South Canterbury cricket team

Personnel
- Owner: South Canterbury Cricket Association

Team information
- Founded: 1893
- Home ground: Aorangi Oval, Timaru

History
- Hawke Cup wins: 1
- Official website: SCCA

= South Canterbury cricket team =

New Zealand cricket team

The South Canterbury cricket team represents the South Canterbury region of New Zealand. It is one of the 21 teams from around New Zealand that compete in the Hawke Cup. Its headquarters are at Aorangi Oval in Timaru, where South Canterbury play most of their home matches.

==History==
Cricket was probably first played in the region in the early 1860s. The Timaru Cricket Club was formed in 1864. A South Canterbury XXII captained by Michael Godby played the touring Australian team at Timaru Cricket Ground in January 1881; the Australians won easily.

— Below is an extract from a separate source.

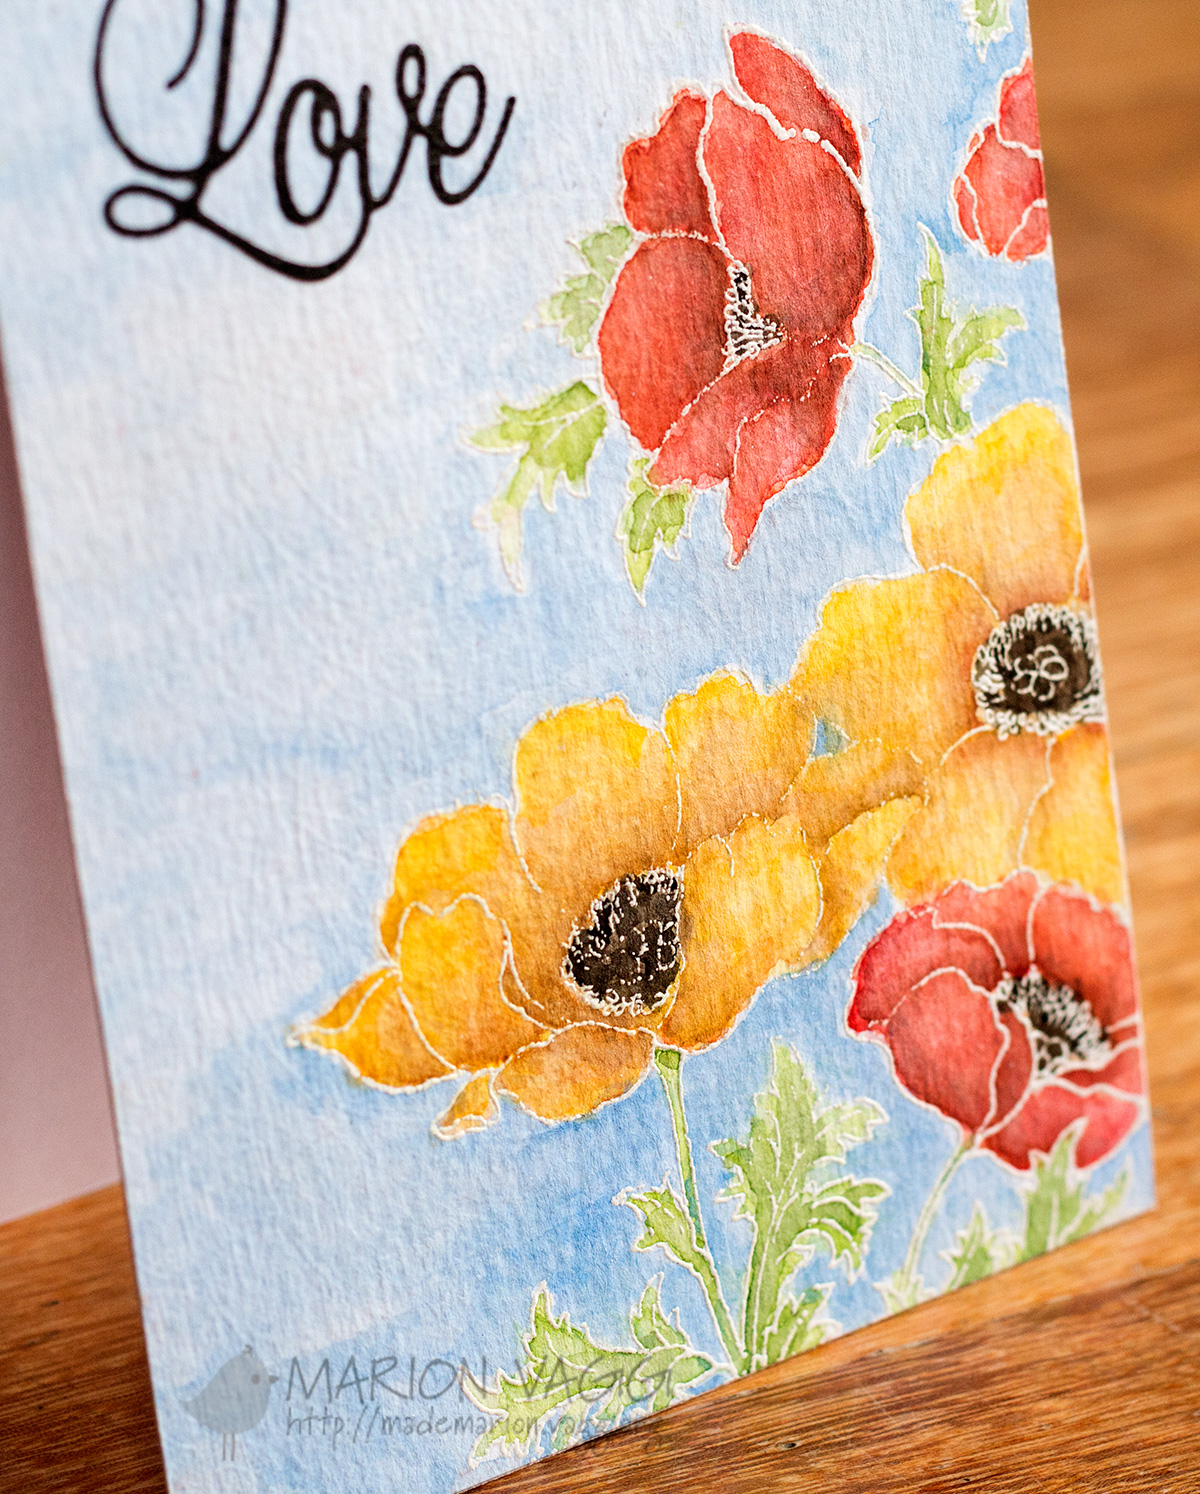 PB Love detail | Marion Vagg

The South Canterbury Cricket Association was formed in 1893, and a competition contested by Ashburton, Geraldine, Temuka and Timaru began in the 1893-94 season. South Canterbury continued to play occasional matches against touring teams, and began a regular series of matches against Canterbury. In the match in February 1904 at Lancaster Park, Dick Dalgleish took seven wickets in each innings and Andrew Barron hit a century to help South Canterbury to victory over Canterbury by seven wickets.

South Canterbury were one of the eight teams that competed in the inaugural Hawke Cup in 1910–11. They have competed regularly since the 1960s. Their only title came in January 2000, when they beat Canterbury Country; their captain was Todd Elliotte, one of only four people to play 100 matches for South Canterbury.

The senior clubs of the South Canterbury Cricket Association are Celtic, Geraldine, Pleasant Point, Star, Temuka, Timaru Boys High School, Timaru, Twizel and Waimate.